Летом 1809 г. Жорж поселилась на Каменном острове вблизи летней резиденции царя (который часто бывал на театральных представлениях), но, как свидетельствует А. де Коленкур, она «напрасно устроилась».[306] Это был настоящий провал соблазнительницы: отношений с царем, по естественным причинам, не сложилось (он сам был бóльшей «актрисой», чем она). Но и А.Х. Бенкедорфом актриса забавлялась недолго: в своих воспоминаниях тот писал, что к 1810 году Жорж оставила его из-за нового любовника, который «был настолько ревнив, что я не мог ни повидать её, ни поговорить с нею. Только так я начал чувствовать, насколько постыдным было мое поведение, мое лицо заливалось краской от осознания того, какое мнение в этой связи должно было обо мне сложиться. Я видел, насколько мне будет трудно преодолеть мою страсть, но, тем не менее, принял решение спрятать ее, начав ухаживать за другой женщиной.
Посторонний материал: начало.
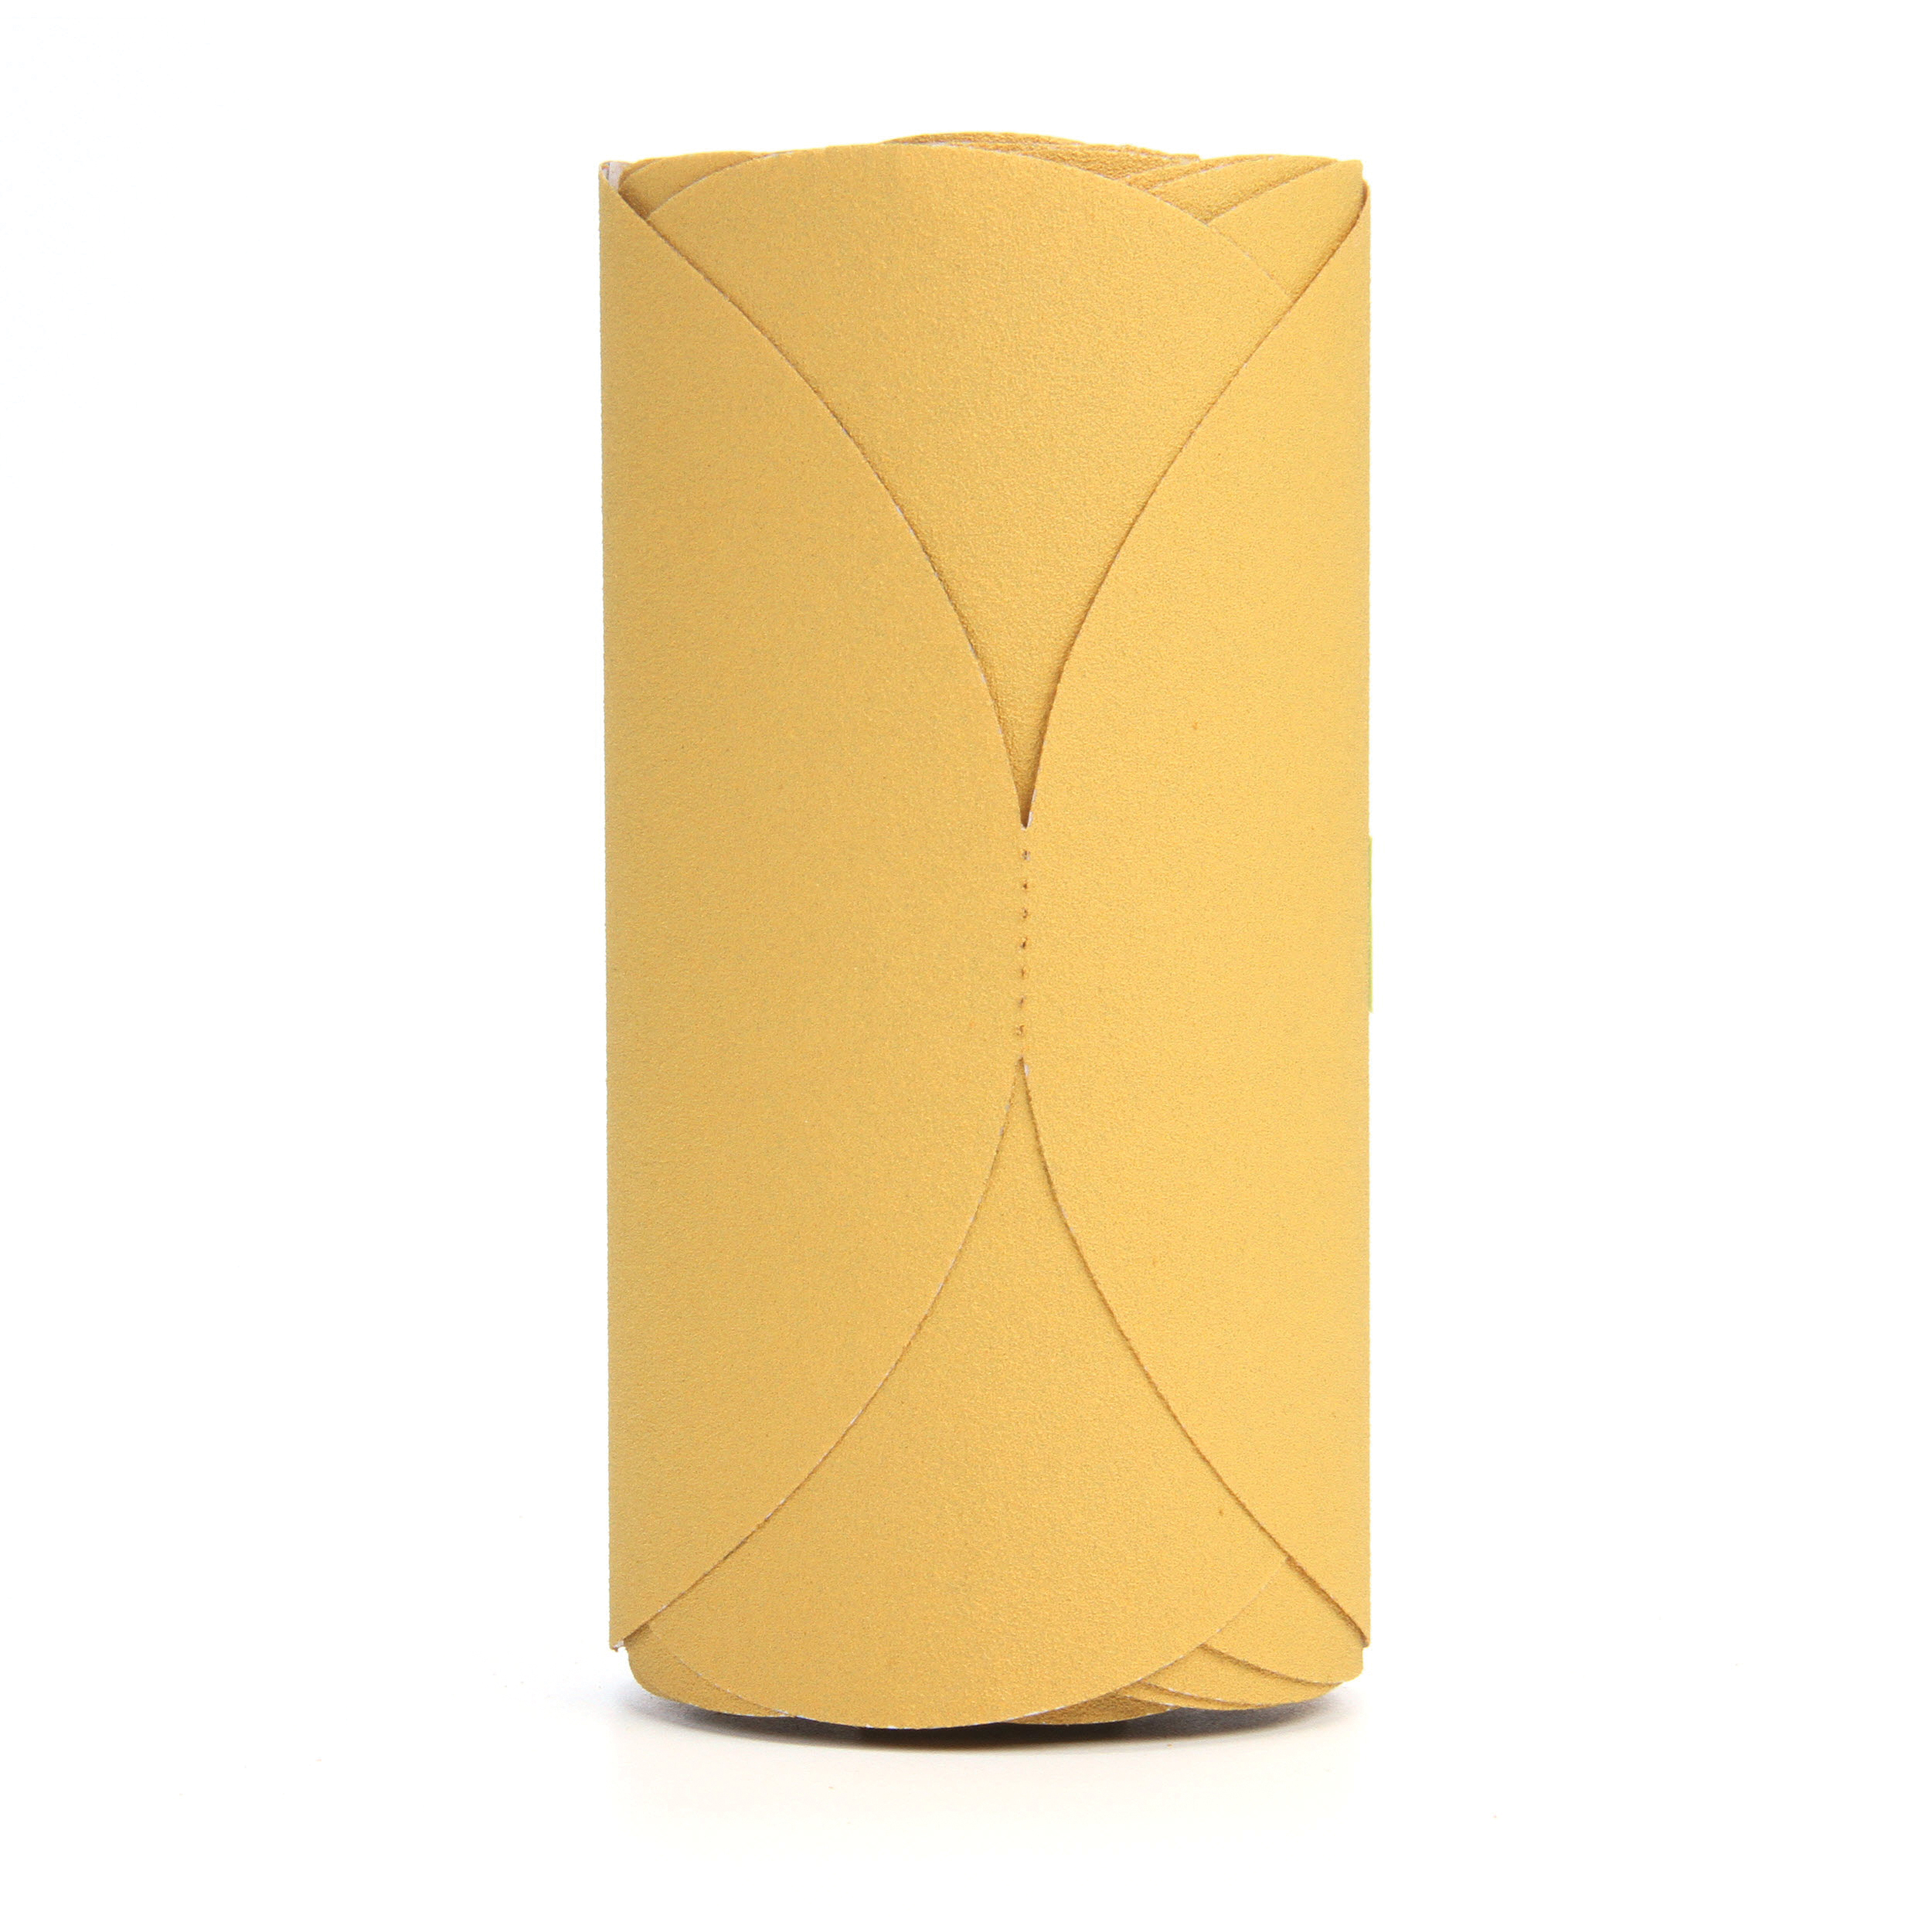 3M™ Stikit™ 051131-01331 Open Coated PSA Abrasive Disc Roll, 6 in Dia Disc, P120 Grit, Coarse Grade, Aluminum Oxide Abrasive, Film Backing
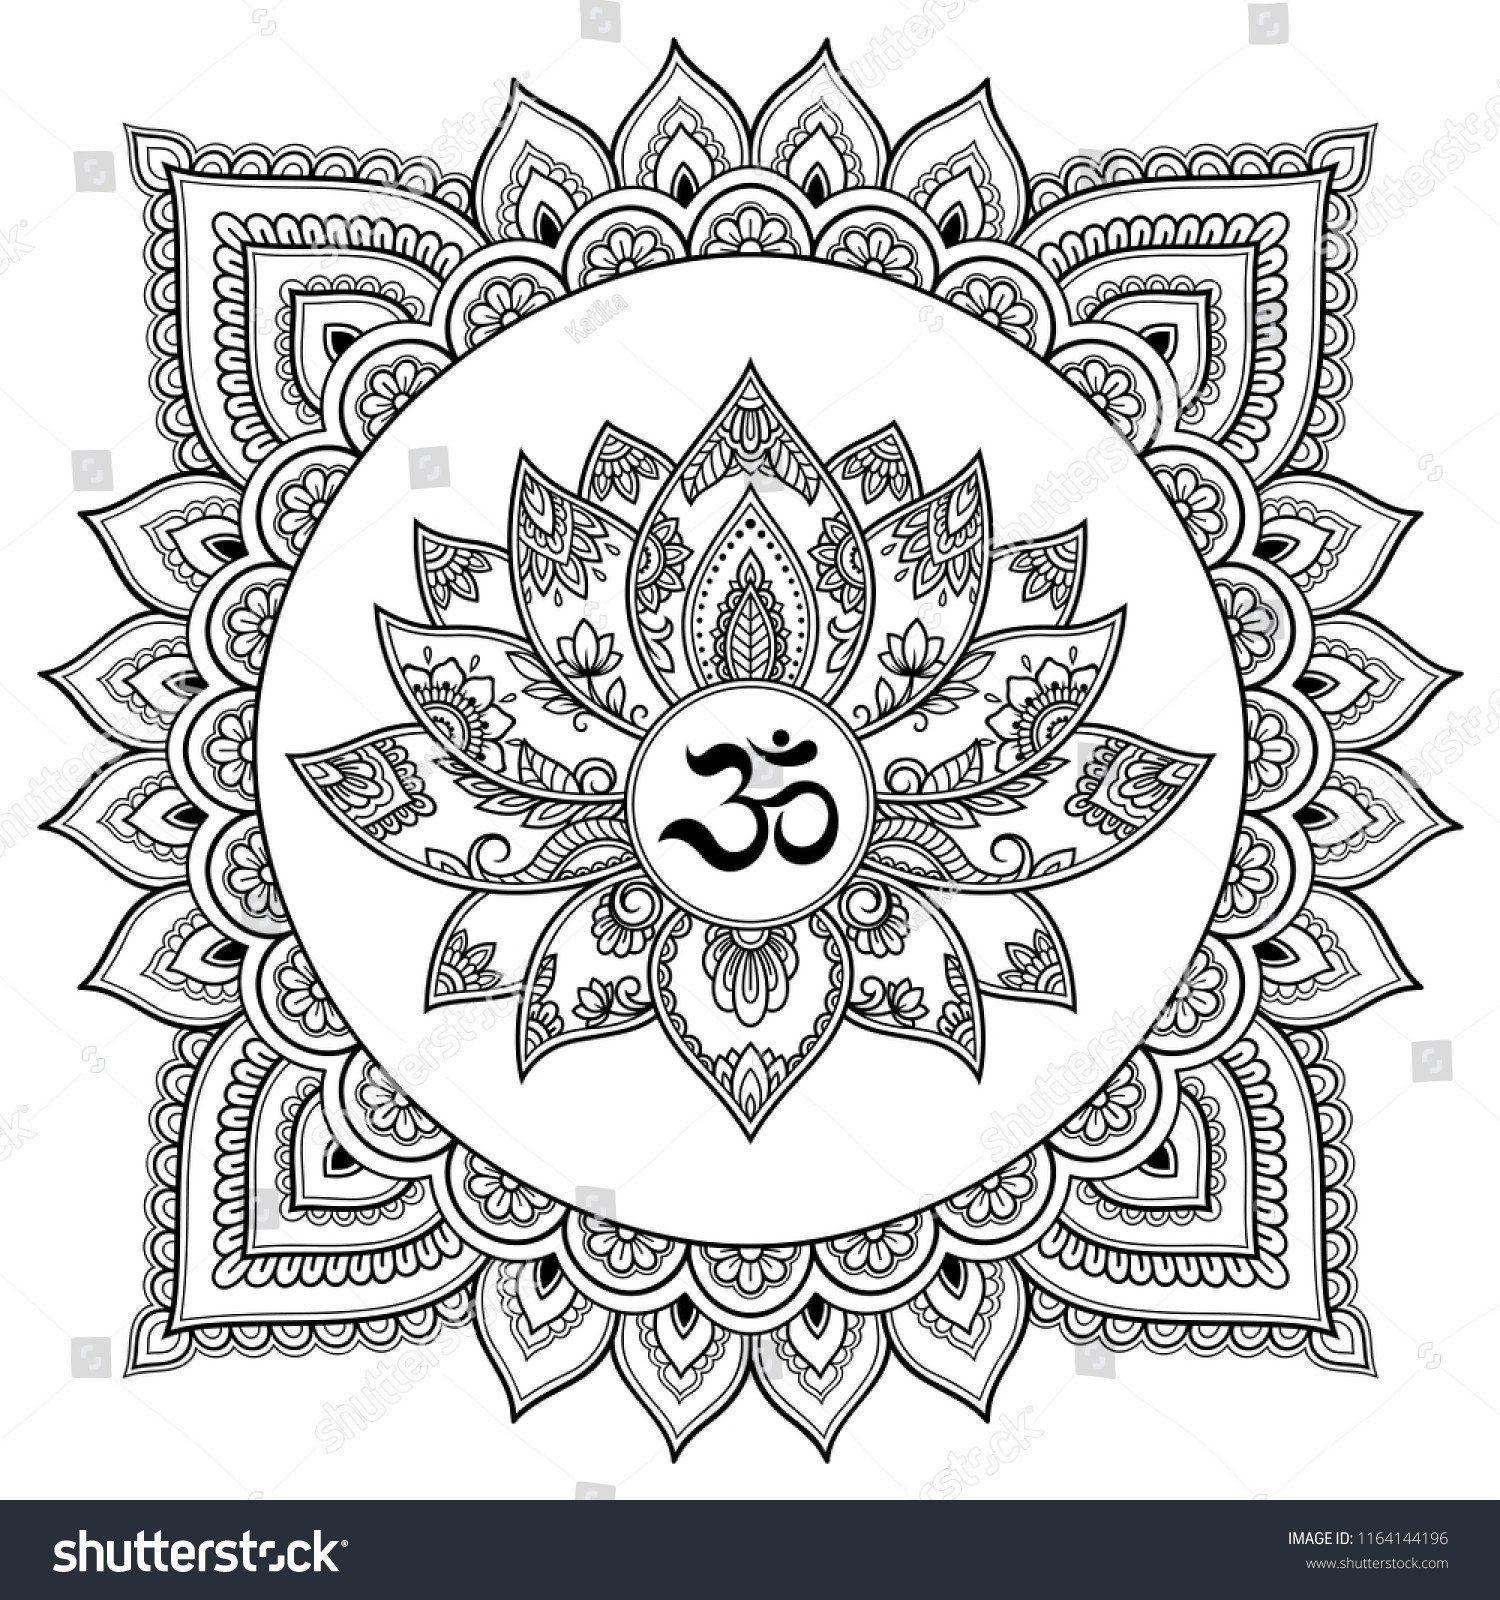 Hindu Mandala Coloring Pages D N D Dºd D D N D Dµdºn D N D D N D N D N D Dºd Circular Pattern Form Mandala Mandala Lotus Flower Mandalas Dibujos De Loto

Недавно приехавшая в Петербург актриса французского театра мадмуазель Бургоэн была замечена благодаря своему прекрасному таланту и, особенно, своей прелестной фигуре. Я обратился к ней, уверяя, что она единственная, кто может заставить меня забыть мою любовь к мадмуазель Жорж. Она нашла весьма лестной для своего тщеславия идею, состоящую в том, чтобы стереть из моего сердца воспоминания об её блестящей сопернице. Веселость мадмуазель Бургоэн вскоре вернула мне хорошее настроение и, также смеясь, я стал ее любовником. Эта новая связь была столь очаровательной, что вскоре я полностью забыл свою смешную любовь».[307]
Итак, все жили, я бы сказал, одной большой французской семьей. А где же найти в ней место русским крестьянам и солдатам? Где пресловутая, но распиаренная «русская исконность» и «самость»?! Вот такой «французской семьей» все и вступили в незабвенный 1812 год, в котором вдруг появились странные и смешные после всего вышеописанного слова про «басурман», а много десятилетий активной пропаганды спустя – и про «иноземных захватчиков». Просто невозможно не задаться вопросом о смысле войны, развязанной царем Александром: а за что погибали его подданные? За то, чтобы Бенкендорф, французский актер и еще неизвестно кто комфортно делили лоно мадемуазель Жорж с Наполеоном?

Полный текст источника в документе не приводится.